◆ YOUR GOAL: Repeat precisely the span of lines below that opens with the line containing "#34, Hydrocal, carrara" and closes with the line containing "Town of grado", both included.

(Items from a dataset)
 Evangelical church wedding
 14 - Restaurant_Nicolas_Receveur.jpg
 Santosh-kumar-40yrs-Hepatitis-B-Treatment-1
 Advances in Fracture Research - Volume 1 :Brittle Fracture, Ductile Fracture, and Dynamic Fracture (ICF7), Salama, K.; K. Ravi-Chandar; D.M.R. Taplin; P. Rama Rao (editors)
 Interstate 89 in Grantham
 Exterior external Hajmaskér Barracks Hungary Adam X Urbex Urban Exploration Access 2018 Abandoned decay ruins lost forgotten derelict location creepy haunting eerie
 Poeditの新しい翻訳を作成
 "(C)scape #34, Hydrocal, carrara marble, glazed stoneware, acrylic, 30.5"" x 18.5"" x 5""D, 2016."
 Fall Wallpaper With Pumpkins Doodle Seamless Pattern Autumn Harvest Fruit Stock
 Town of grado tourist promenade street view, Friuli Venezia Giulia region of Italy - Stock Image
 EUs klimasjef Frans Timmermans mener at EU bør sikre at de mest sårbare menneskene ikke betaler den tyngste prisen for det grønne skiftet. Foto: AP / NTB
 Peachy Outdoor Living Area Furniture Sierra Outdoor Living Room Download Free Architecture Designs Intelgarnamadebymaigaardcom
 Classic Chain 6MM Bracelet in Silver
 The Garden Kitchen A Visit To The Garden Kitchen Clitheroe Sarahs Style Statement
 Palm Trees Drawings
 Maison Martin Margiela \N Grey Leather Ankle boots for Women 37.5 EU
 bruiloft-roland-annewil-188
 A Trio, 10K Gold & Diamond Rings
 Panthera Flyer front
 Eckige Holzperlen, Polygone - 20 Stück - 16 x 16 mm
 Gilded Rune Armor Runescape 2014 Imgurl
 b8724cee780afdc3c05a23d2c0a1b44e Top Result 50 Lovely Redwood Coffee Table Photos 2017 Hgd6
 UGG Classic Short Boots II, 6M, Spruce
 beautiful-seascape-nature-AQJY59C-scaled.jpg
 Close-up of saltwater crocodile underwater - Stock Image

◆ FINISHED TASK:
 "(C)scape #34, Hydrocal, carrara marble, glazed stoneware, acrylic, 30.5"" x 18.5"" x 5""D, 2016."
 Fall Wallpaper With Pumpkins Doodle Seamless Pattern Autumn Harvest Fruit Stock
 Town of grado tourist promenade street view, Friuli Venezia Giulia region of Italy - Stock Image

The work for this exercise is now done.